§ Material provided:
Start of Block

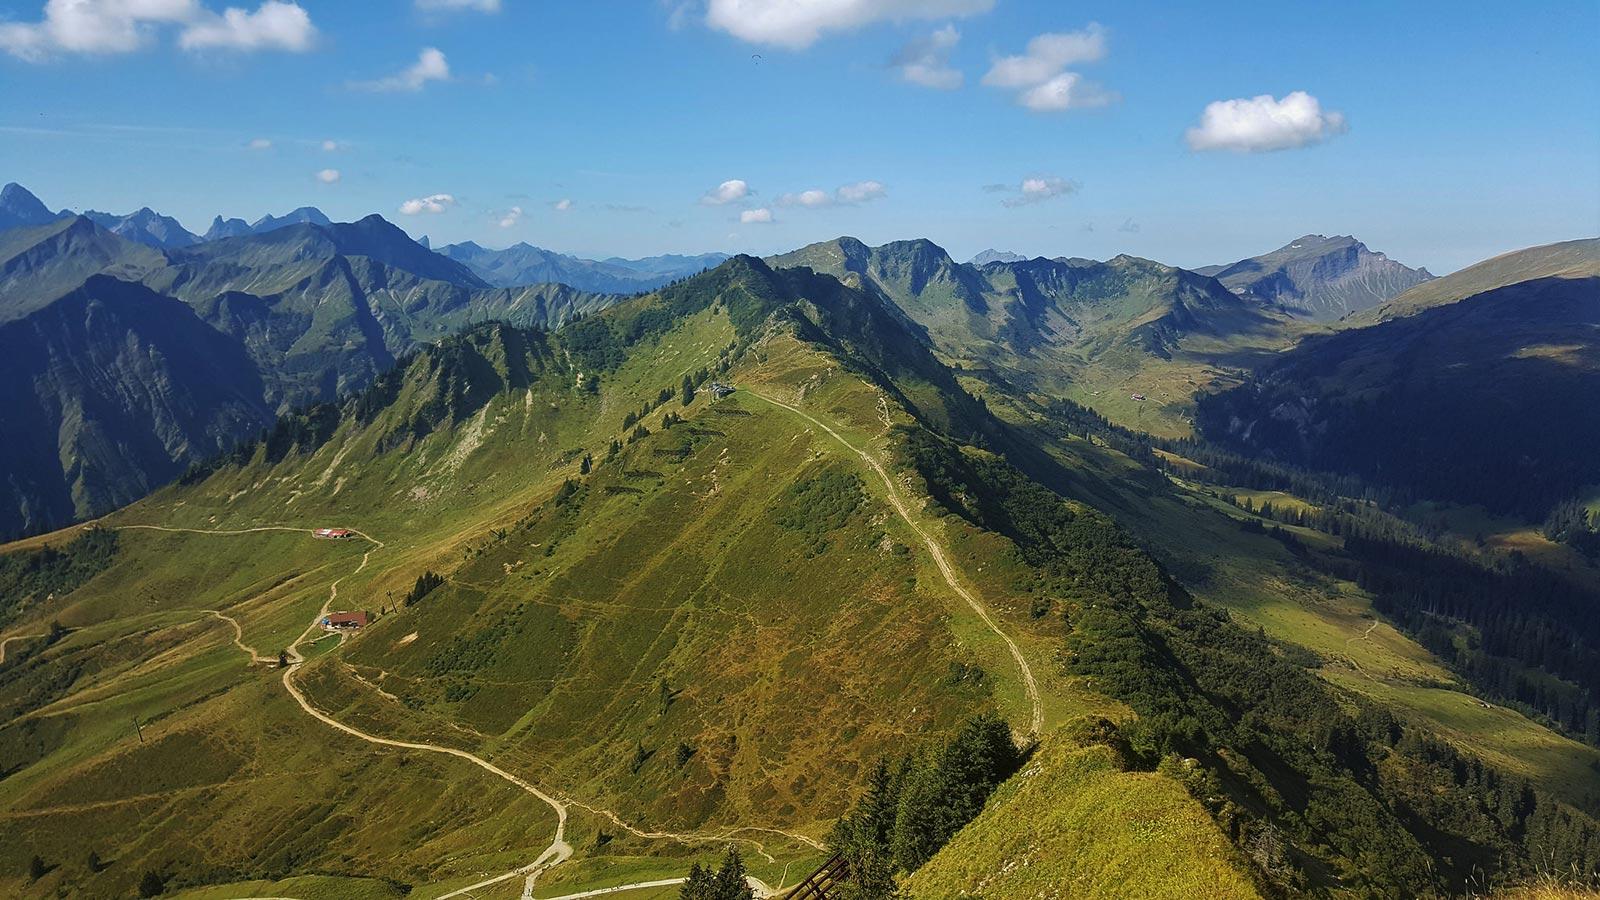 Panorama der Berglandschaft im Kleinwalsertal
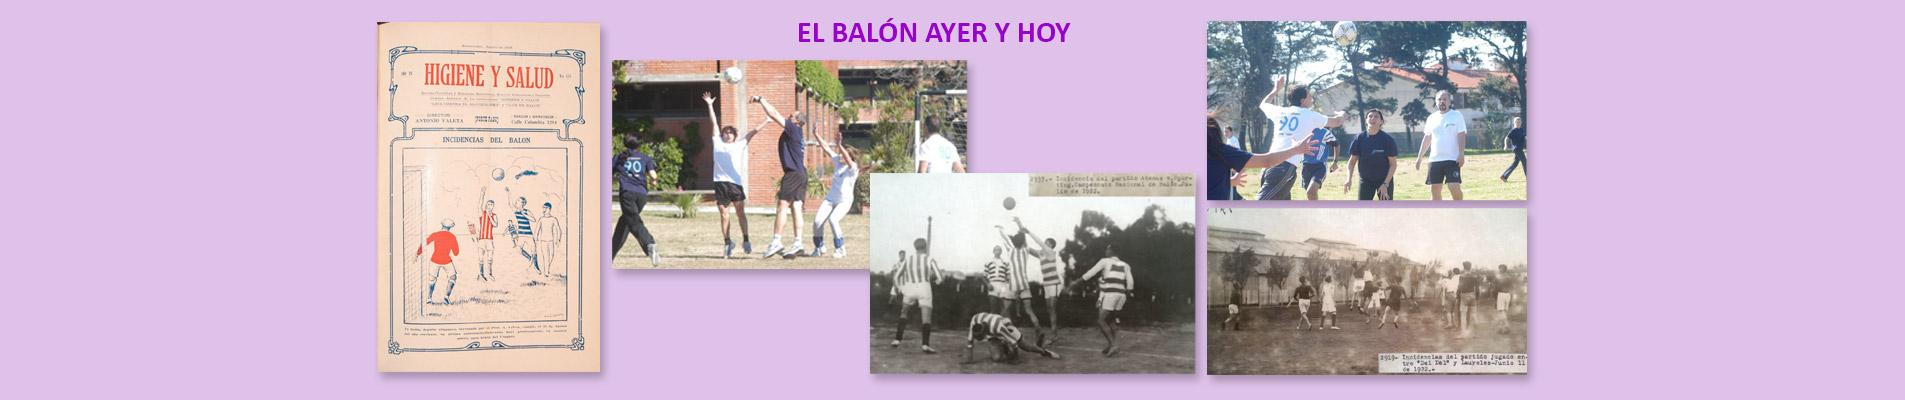 balonmano-banner-1920-2
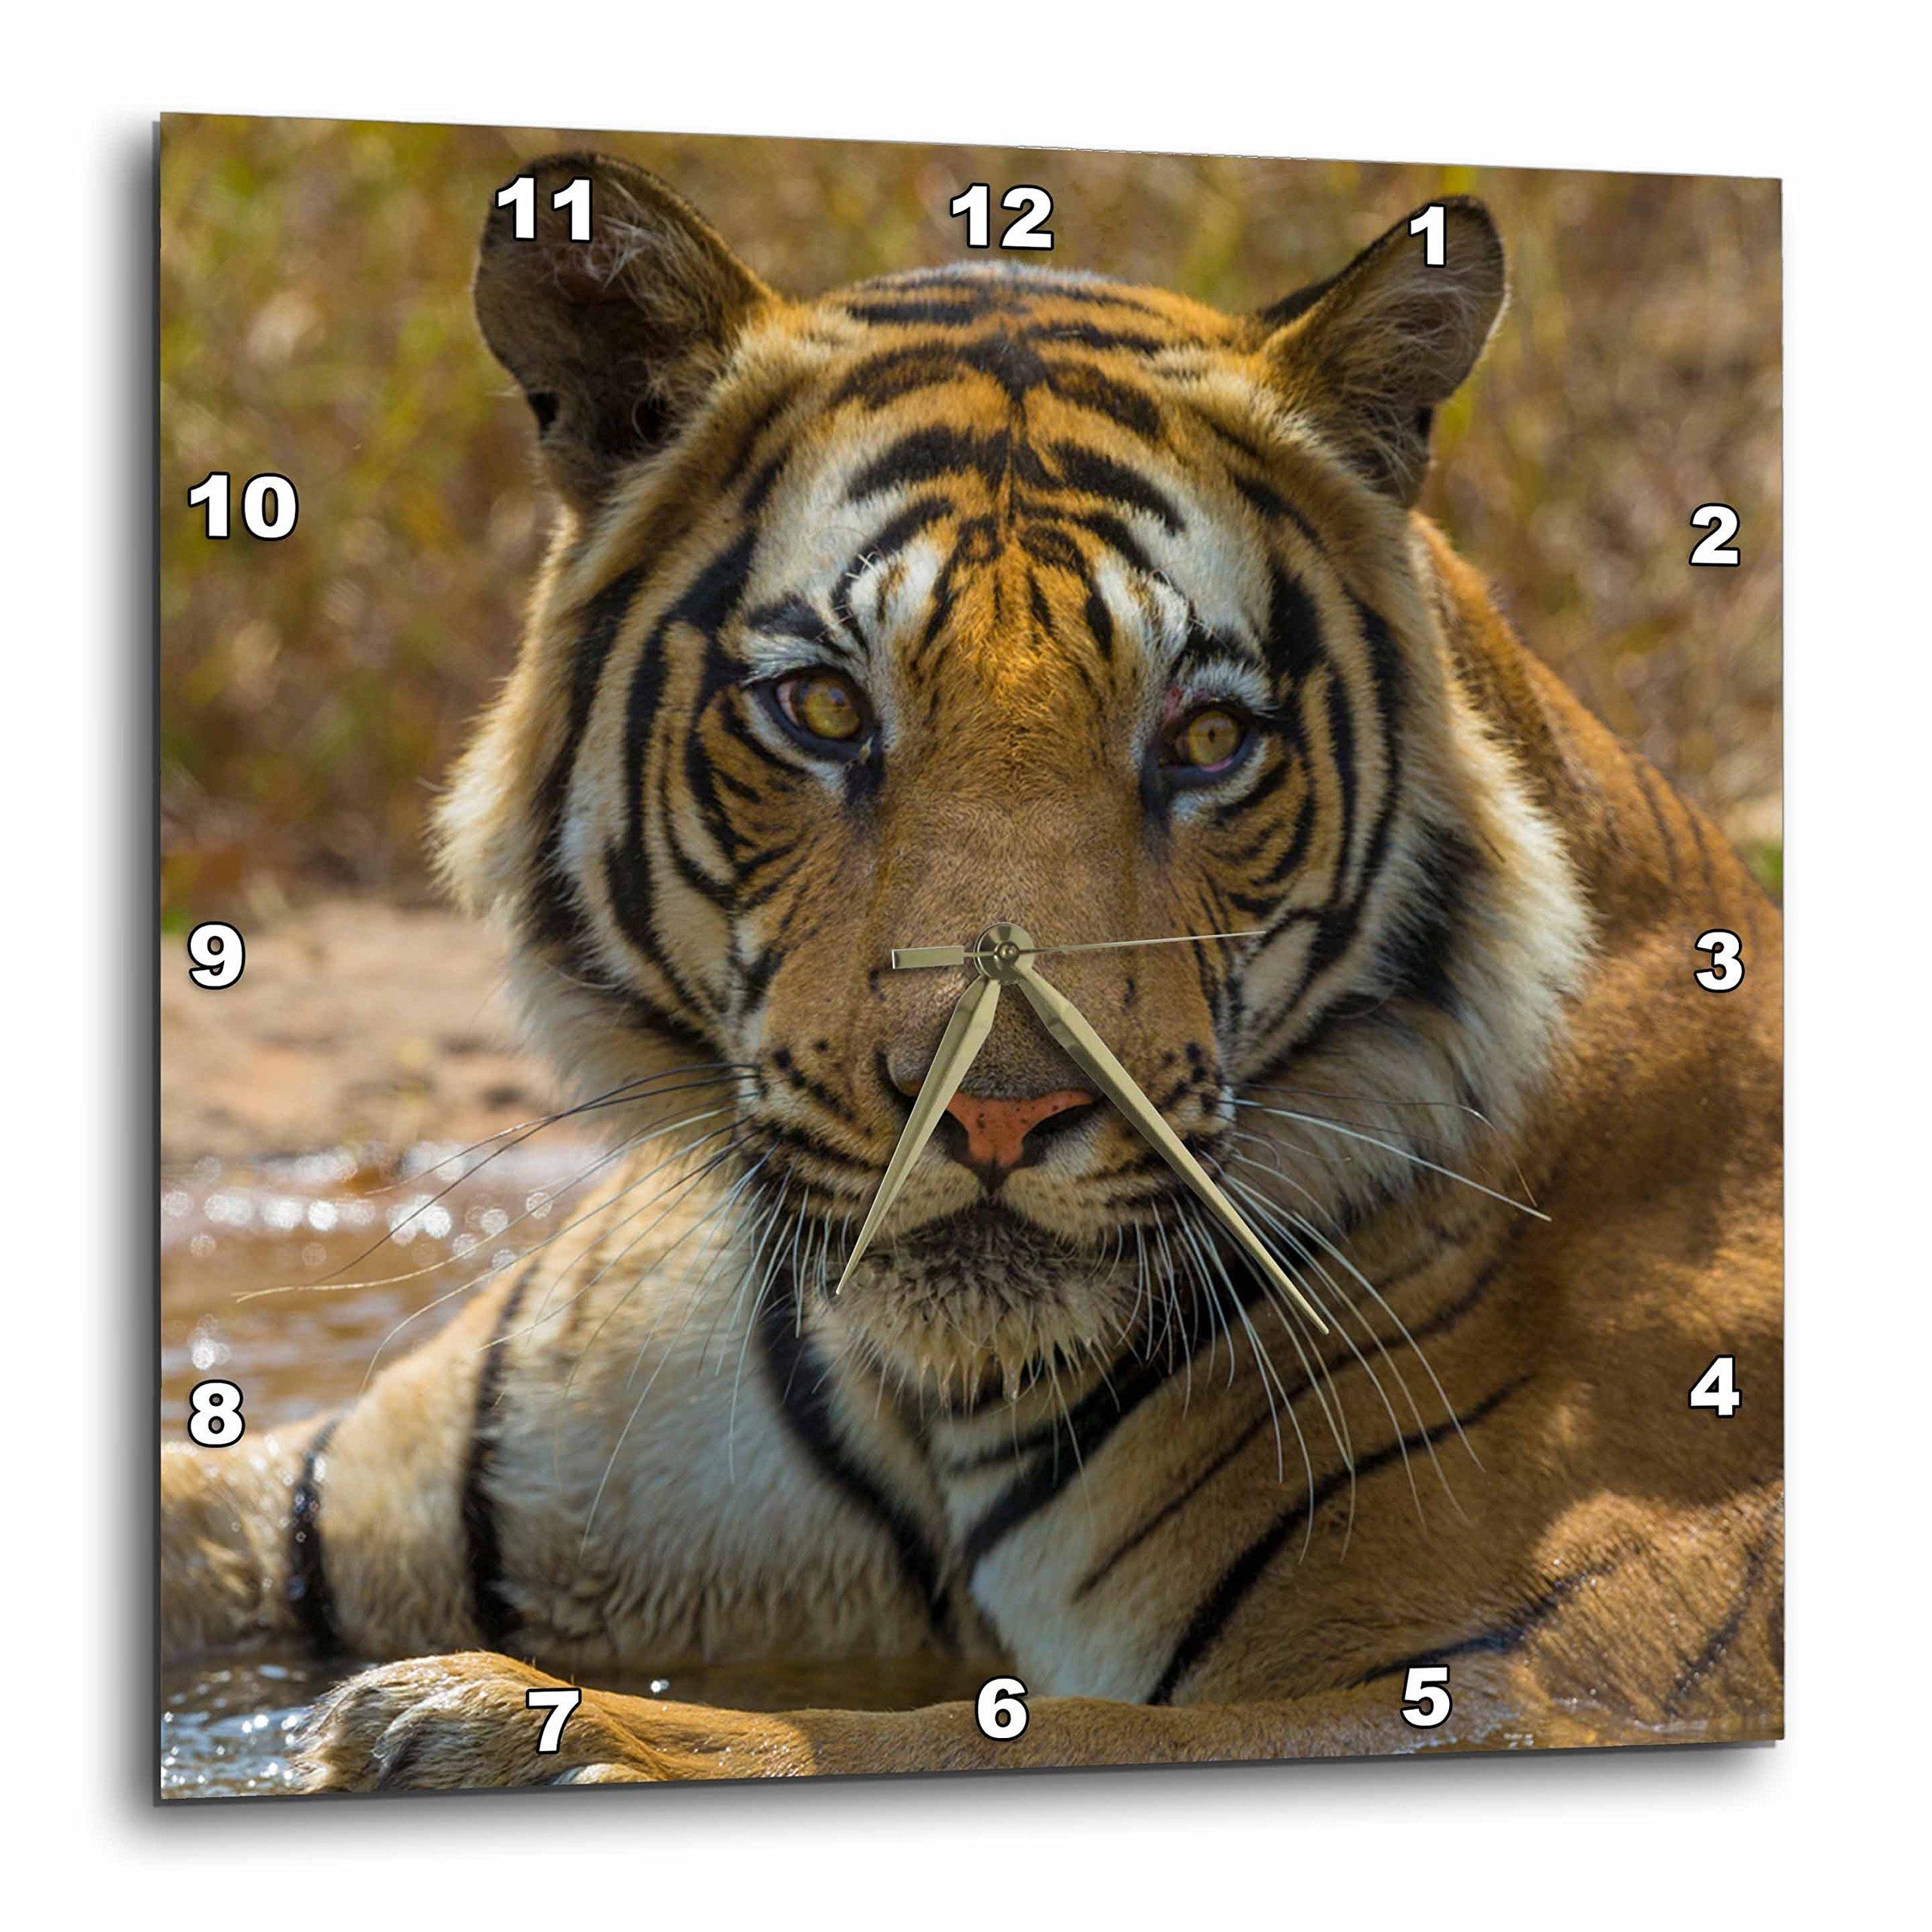 3dRose India Bandhavgarh Reserve, Bengal Tiger Resting in Water Wall Clock, 15'' x 15''

End of Block

§ Problem to solve:
Would you give the data above again word for word, minus the pictures?

§ Answer space:
 Panorama der Berglandschaft im Kleinwalsertal
 balonmano-banner-1920-2
 3dRose India Bandhavgarh Reserve, Bengal Tiger Resting in Water Wall Clock, 15'' x 15''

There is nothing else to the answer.